3 Mean Total Daily Steps

The following histogram describes the count of date values during which the subject took a certain number of steps, in 250-step intervals. The mean and median of total daily steps are subsequently reported.

daily <- activity %>%
    group_by(date) %>%
    summarize(total = sum(steps))

ggplot(daily, aes(total)) + 
    geom_histogram(binwidth = 250, fill = "skyblue") +
    ggtitle(label = "Number of days by total steps", 
            "250-step intervals") +
    xlab("Total Steps per Day") +
    ylab("Days") +
    theme_classic()

daily %>% 
    summarize(`Mean Total Steps` = mean(total, na.rm = TRUE),
              `Median Total Steps` = median(total, na.rm = TRUE)) %>%
    as.data.frame
##   Mean Total Steps Median Total Steps
## 1         10766.19              10765


4 Average Daily Activity

The following time series graphic depicts the average number of steps for each interval across all date values. The subsequent output reports the interval with the maximum daily steps.

activity %>%
    group_by(interval) %>%
    summarize(mean = mean(steps, na.rm = TRUE)) %>%
    ggplot(aes(x = interval, y = mean)) +
    geom_point(cex = 0.25, color = "tomato") +
    geom_line(color = "tomato") +
    ggtitle("Average daily steps by interval",
            "Measures in 5-minute intervals") +
    ylab("Average Steps") +
    xlab("Time Interval") +
    theme_classic()

daily <- activity %>%
    group_by(interval) %>%
    summarize(mean = mean(steps, na.rm = TRUE))
                  
daily %>% 
    summarize(`Interval with Max Steps` = daily$interval[which.max(mean)]) %>% 
    as.data.frame
##   Interval with Max Steps
## 1                     835


5 Imputing Missing Values

The following reports the total NA (missing) values within activity.csv. Missing interval values are imputed by replacing each with the mean number of steps per interval over all date values. The new dataset, imputed contains the original activity.csv data with NA values imputed. The subsequent histogram depicts the total steps for each date using the new imputed dataset and, lastly, reports mean and median total steps per date.

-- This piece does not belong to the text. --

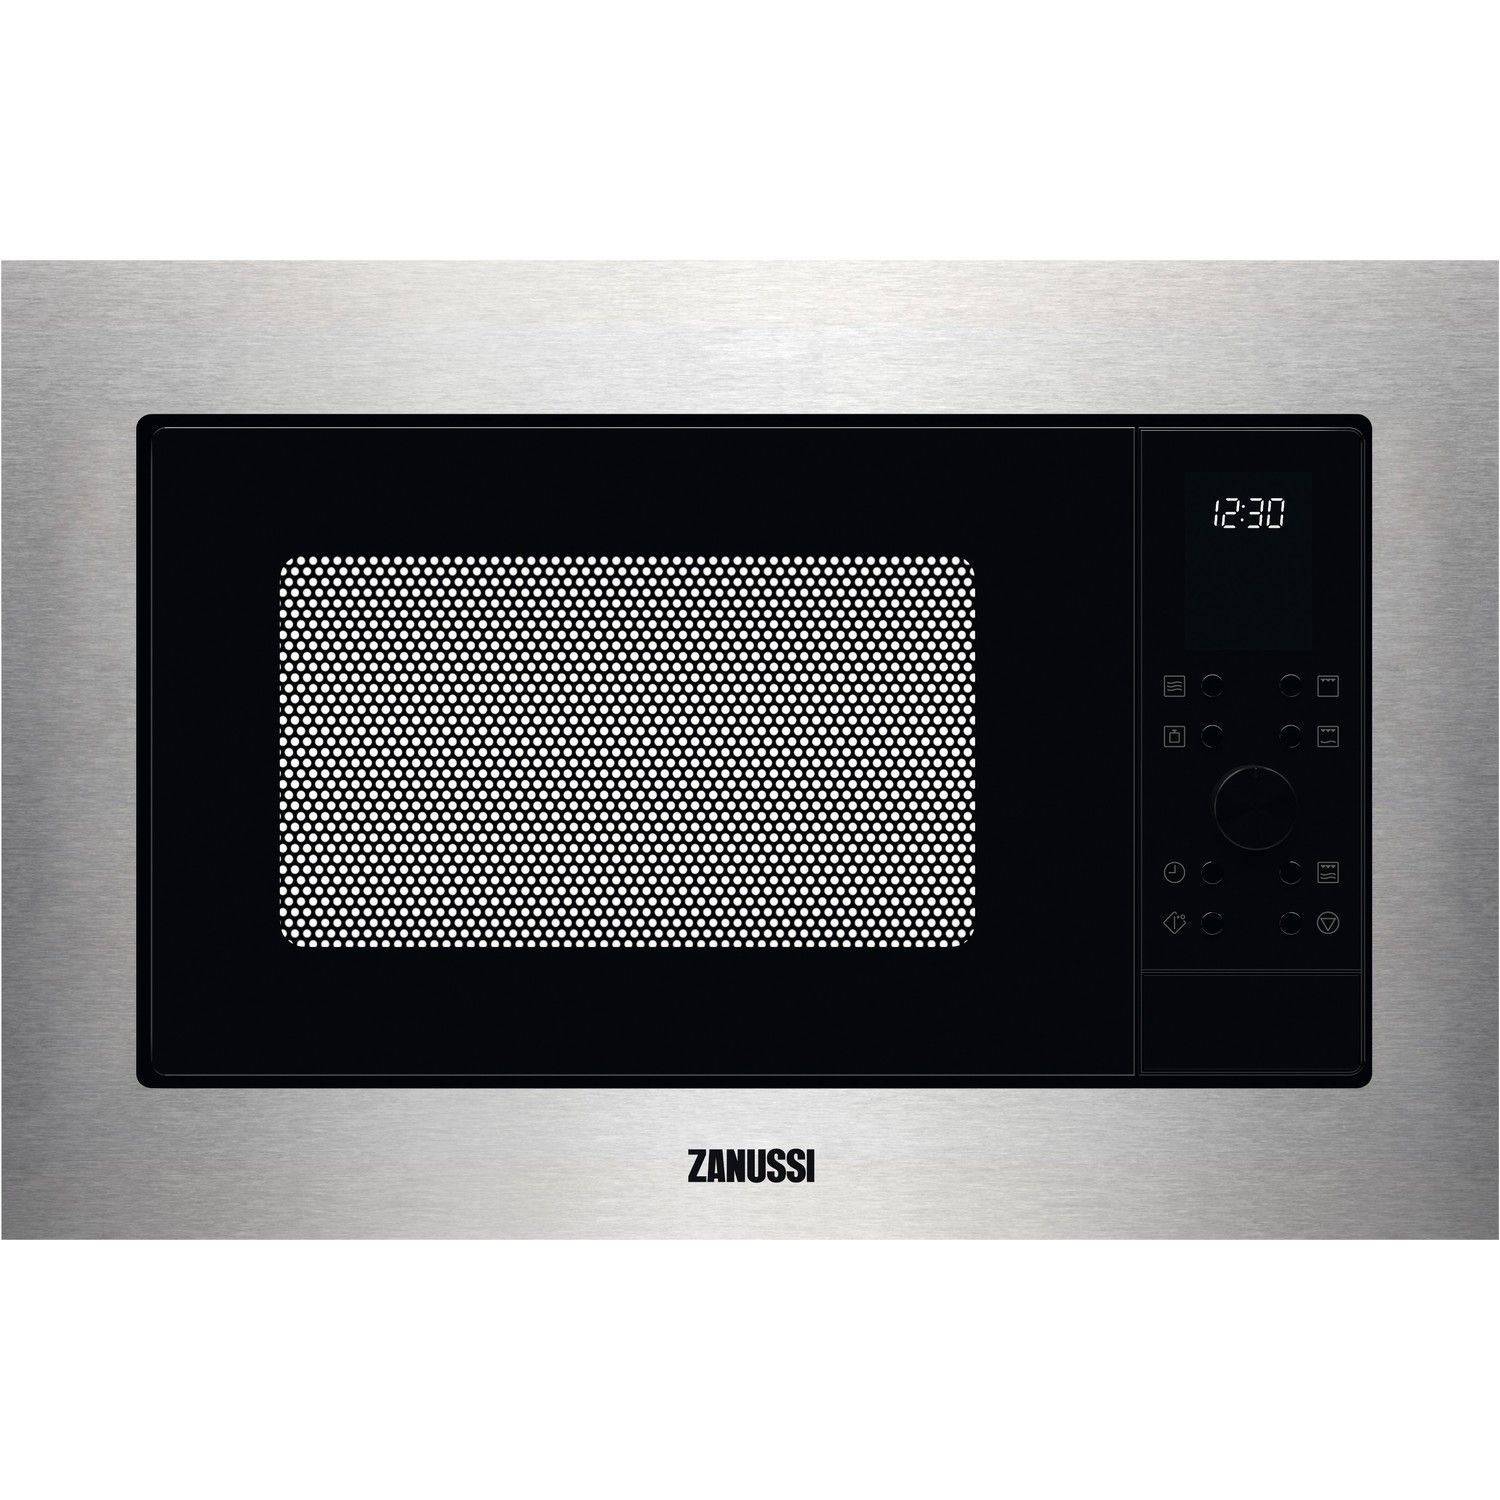 Refurbished Zanussi Series 20 ZMSN7DX Built In 25L with Grill 900W Microwave Stainless Steel
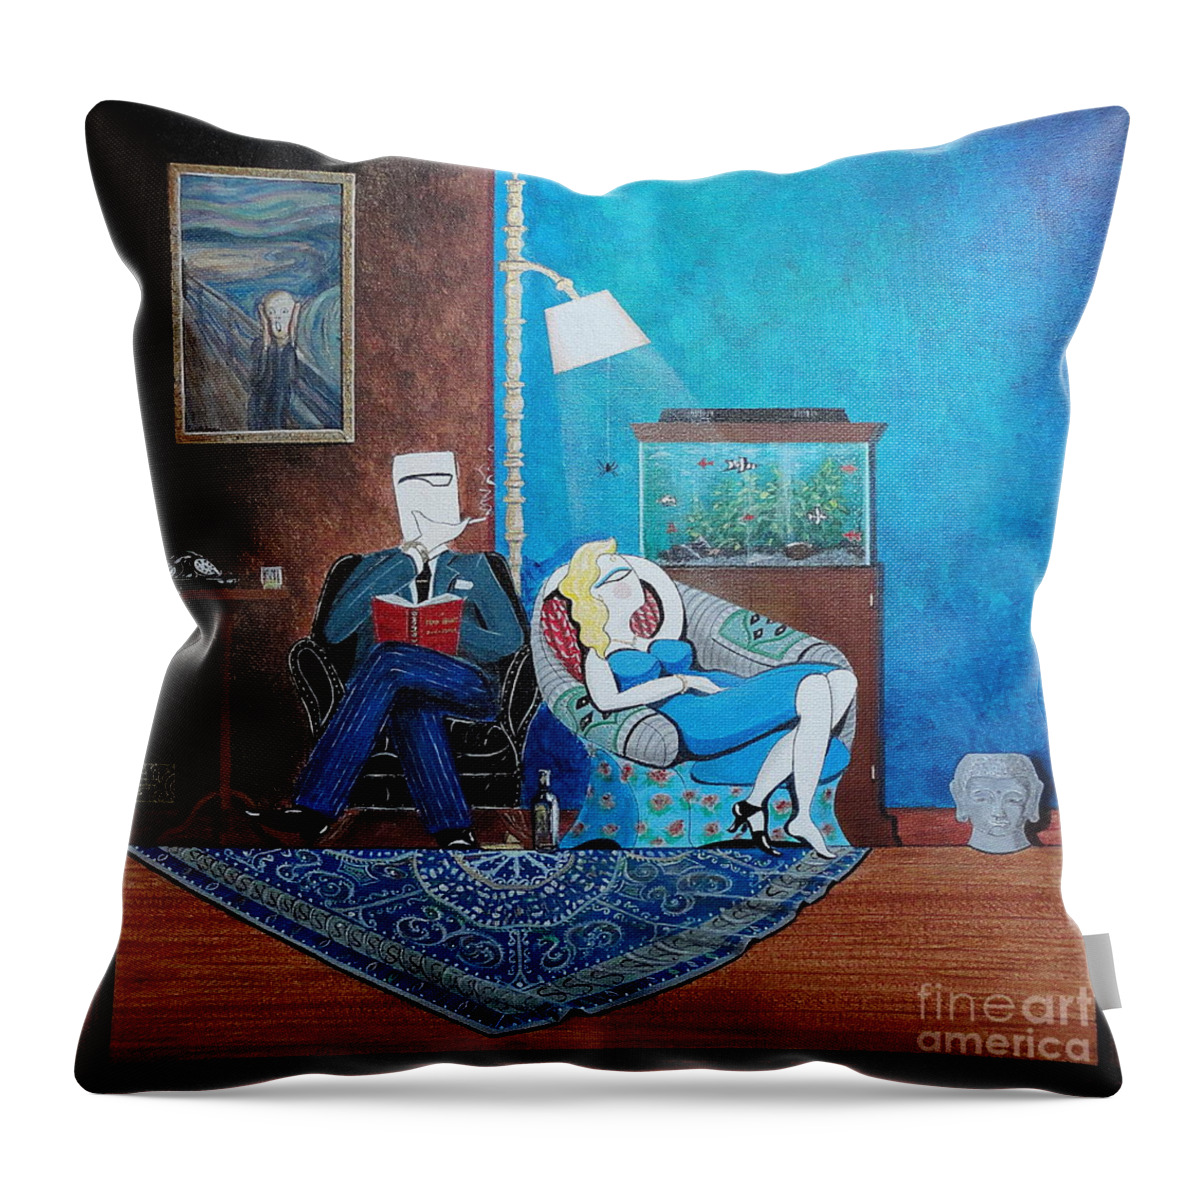 Johnlyes Throw Pillow featuring the painting Psychiatrist Sitting in Chair Studying Spider's Reaction by John Lyes

paste("There are", sum(is.na(activity$steps)), "missing values.", sep = " ")
## [1] "There are 2304 missing values."
imputation <- activity %>%
    group_by(interval) %>%
    summarize(interval_mean = mean(steps, na.rm = TRUE))

imputed <- as_data_frame(activity)

for (i in seq_along(imputed$steps)){
    if (is.na(imputed$steps[i])){
        imputed$steps[i] <- round(imputation[which( imputed$interval[i] == imputation$interval ), 2], 0)}}

imputed$steps <- unlist(imputed$steps)

daily <- imputed %>% 
    group_by(date) %>%
    summarize(total = sum(steps))

daily %>%
    summarize(`Mean Total Steps (Imputed)` = mean(total, na.rm = TRUE),
              `Median Total Steps (Imputed)` = median(total, na.rm = TRUE)) %>%
    as.data.frame
##   Mean Total Steps (Imputed) Median Total Steps (Imputed)
## 1                   10765.64                        10762
ggplot(daily, aes(total)) + 
    geom_histogram(binwidth = 250, fill = "skyblue") +
    ggtitle(label = "Number of days by total steps", 
            "Now-imputed 250-step intervals") +
    xlab("Total Steps per Day (Imputed)") +
    ylab("Days") +
    scale_y_discrete(limits = c(0:9)) +
    theme_classic()

Conclusions: One can see that imputed missing values in activity.csv has had a negligible impact on Mean Total Steps and Median Total Steps. The histogram, however, depicts significantly more date values.


6 Weekday vs. Weekend

The following uses date to create a factor, day, with two levels: Weekday and Weekend. The latticed time series below depicts the difference in mean steps values between Weekday and Weekend, determined with the average steps value over all date values and by interval.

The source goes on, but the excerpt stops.